◆ PROVIDED MATERIAL
Content starts

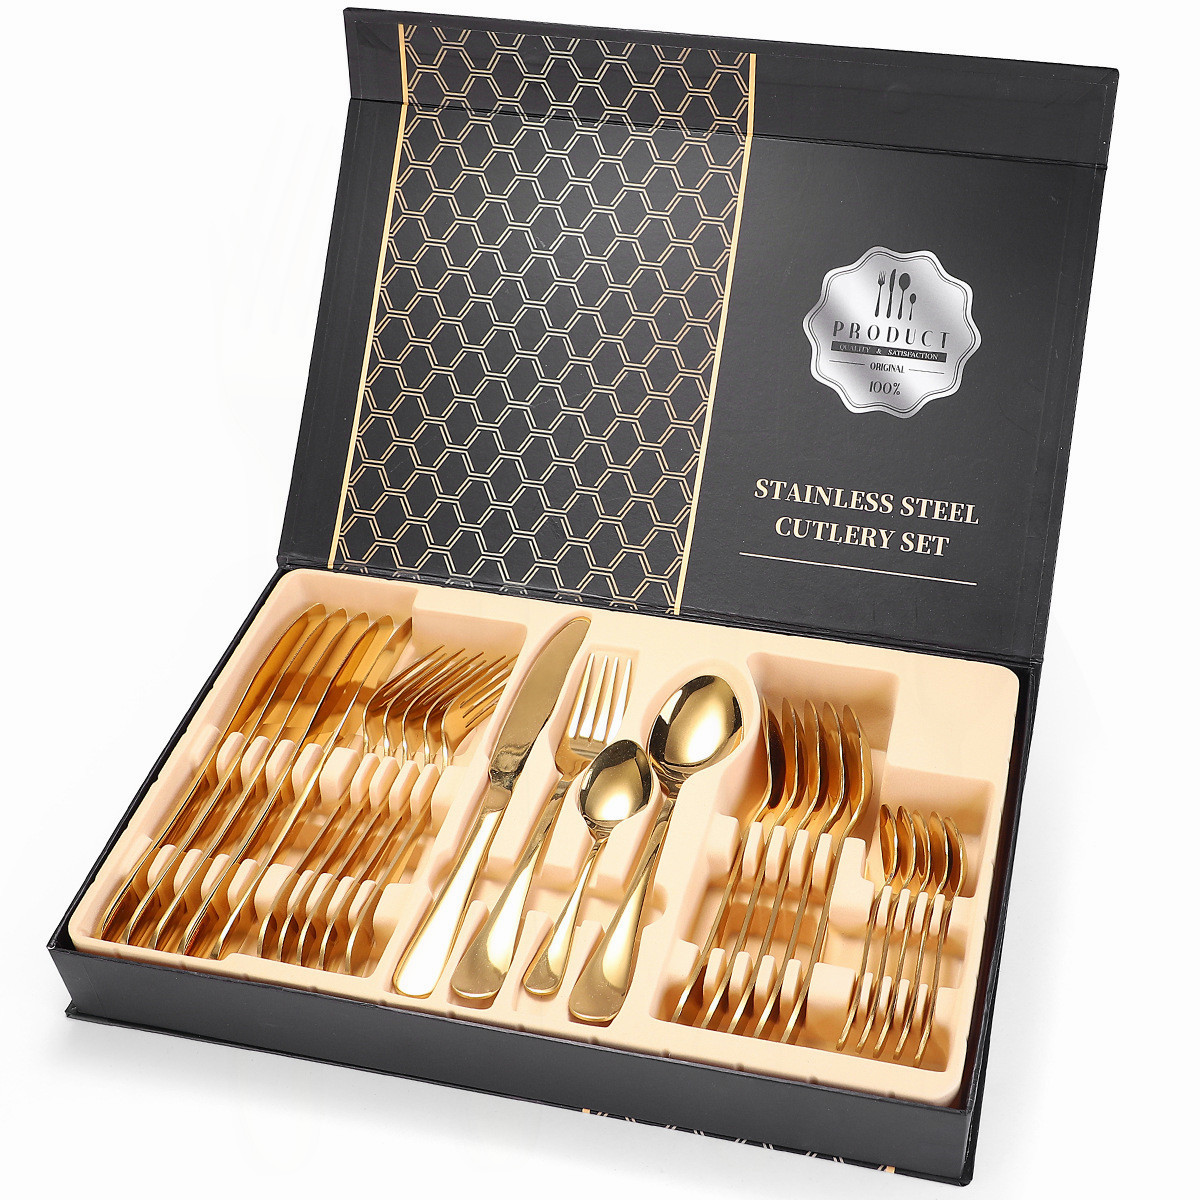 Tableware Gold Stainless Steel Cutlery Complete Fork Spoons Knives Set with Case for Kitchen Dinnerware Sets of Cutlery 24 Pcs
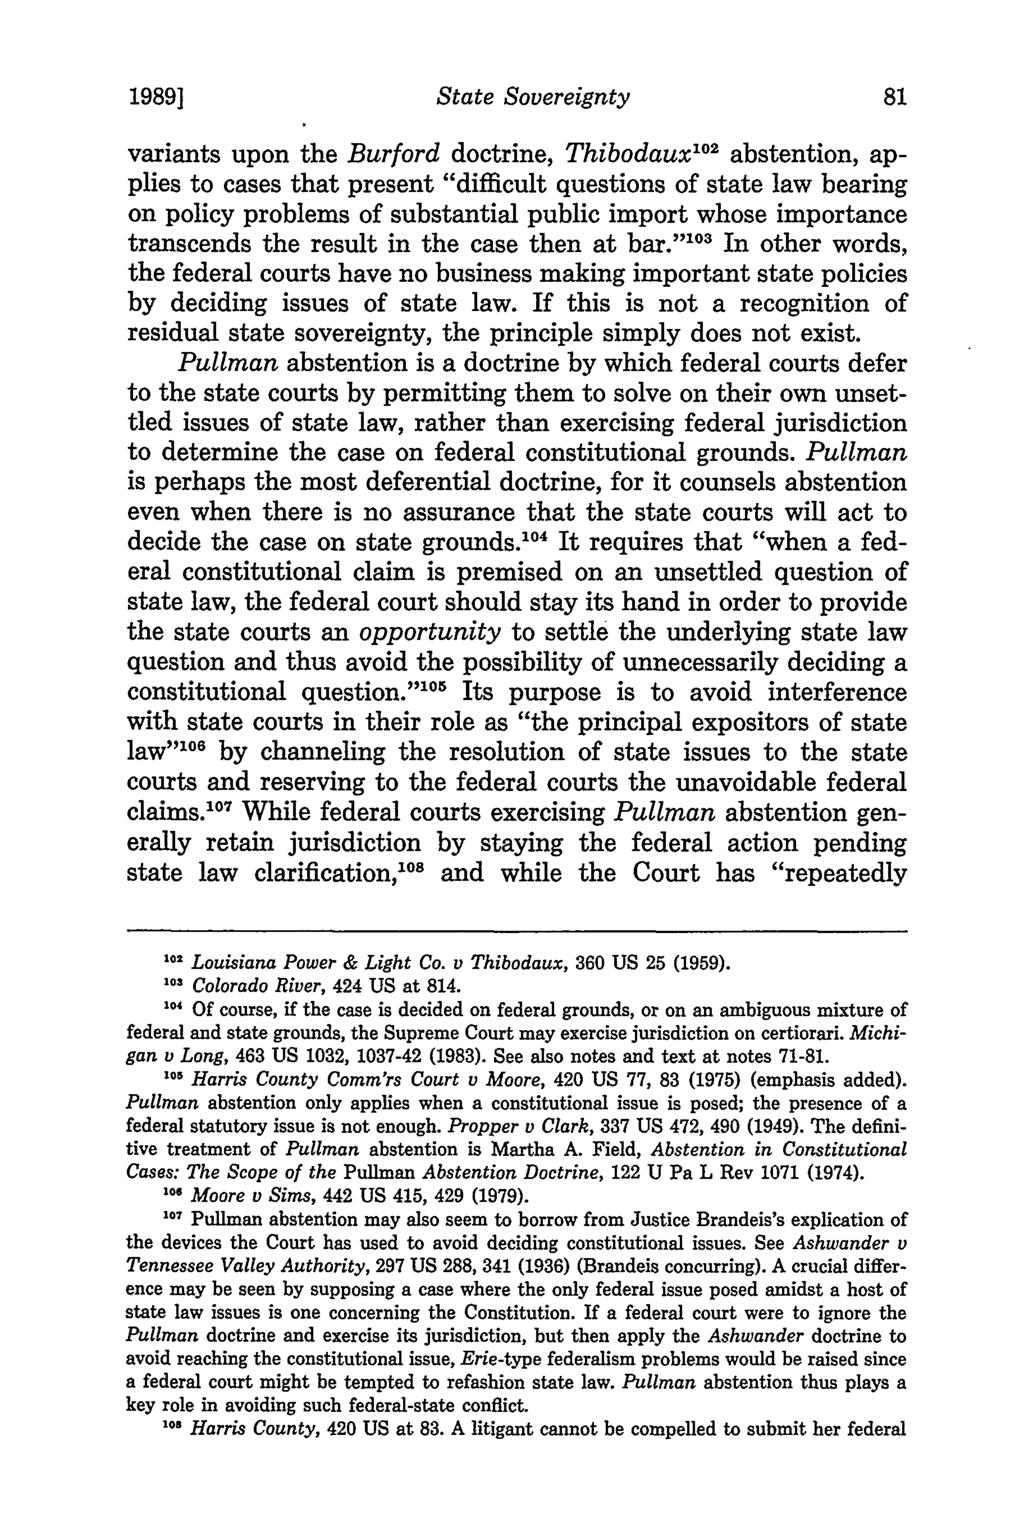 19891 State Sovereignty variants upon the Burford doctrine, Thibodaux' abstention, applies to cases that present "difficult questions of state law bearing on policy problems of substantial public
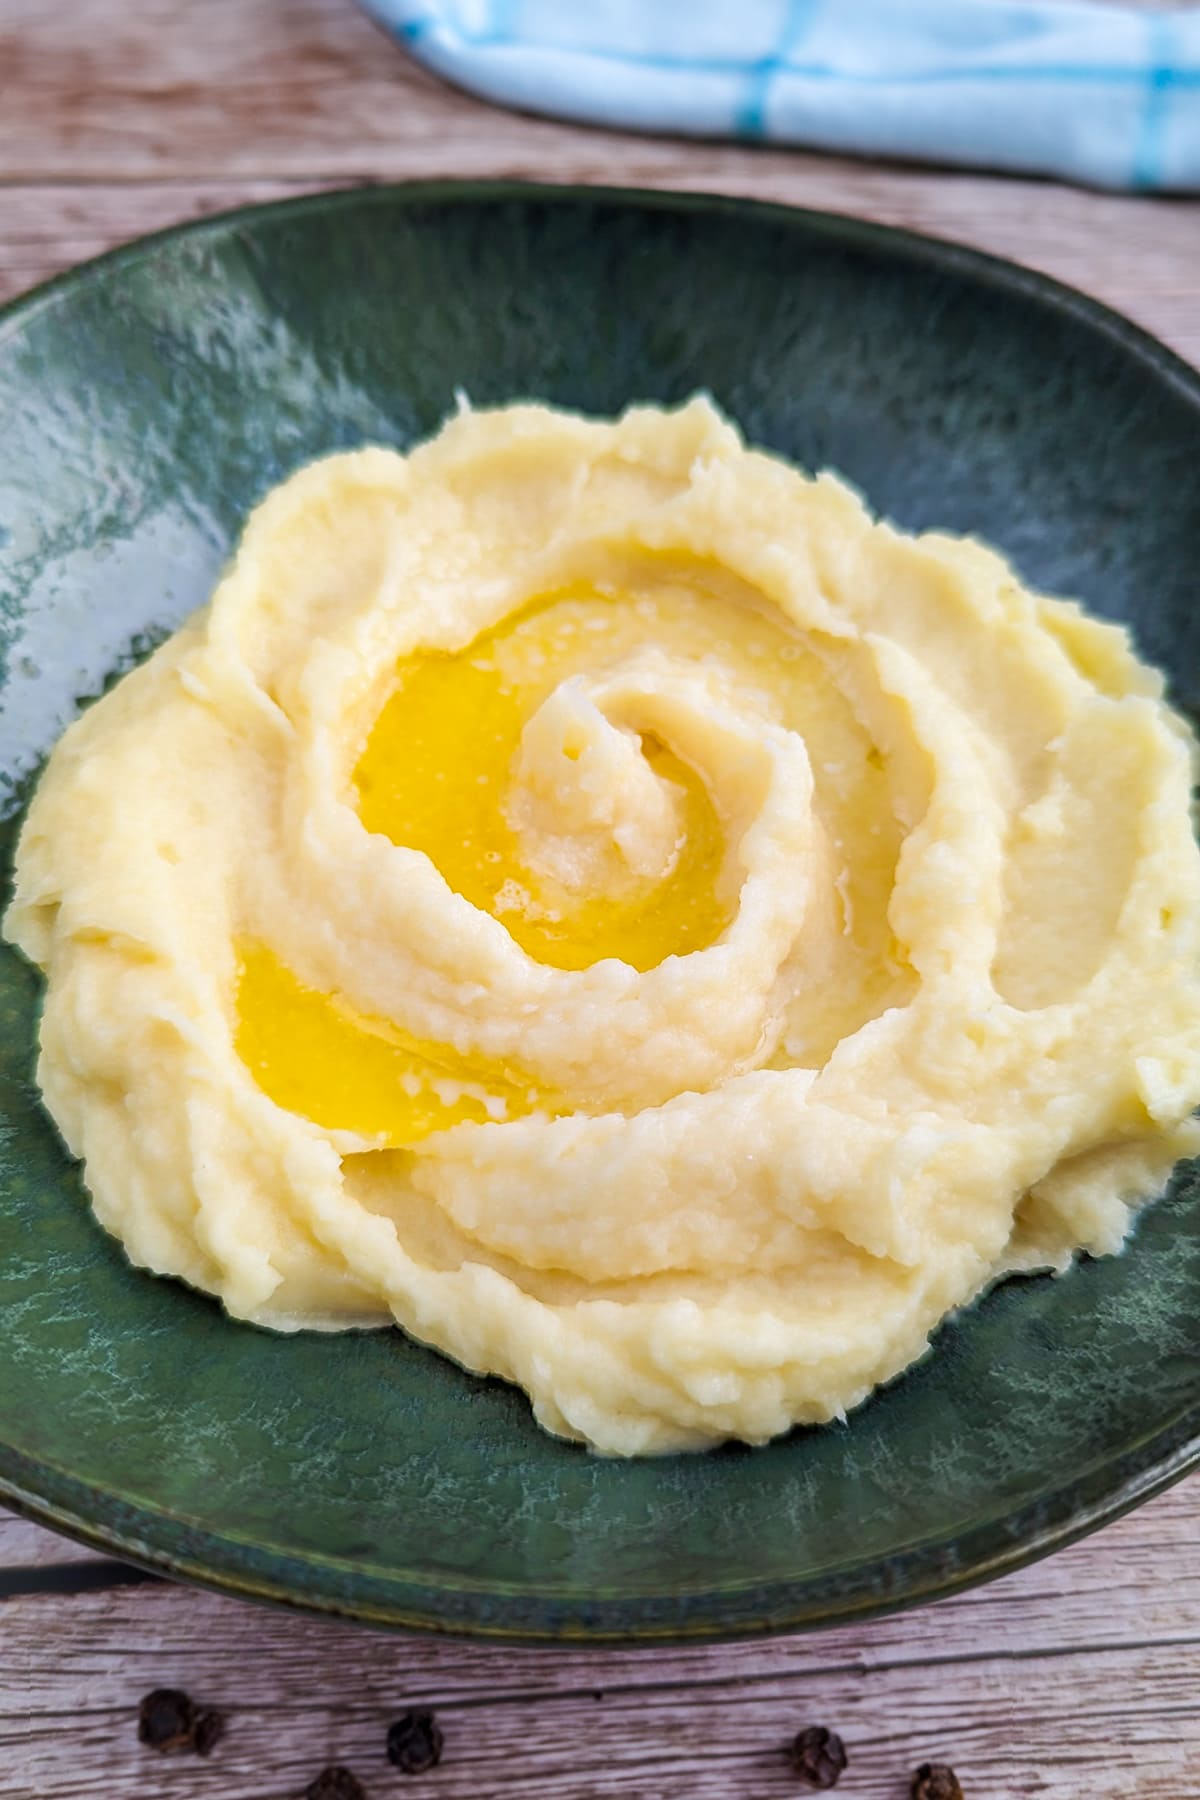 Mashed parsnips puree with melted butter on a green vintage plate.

Content ends

◆ WORK TO COMPLETE
The required output is an exact copy of the lines from the one with "19891 State Sovereignty" through the final line of the data above, with pictures removed.

◆ RESPONSE TO THE TASK
 19891 State Sovereignty variants upon the Burford doctrine, Thibodaux' abstention, applies to cases that present "difficult questions of state law bearing on policy problems of substantial public
 Mashed parsnips puree with melted butter on a green vintage plate.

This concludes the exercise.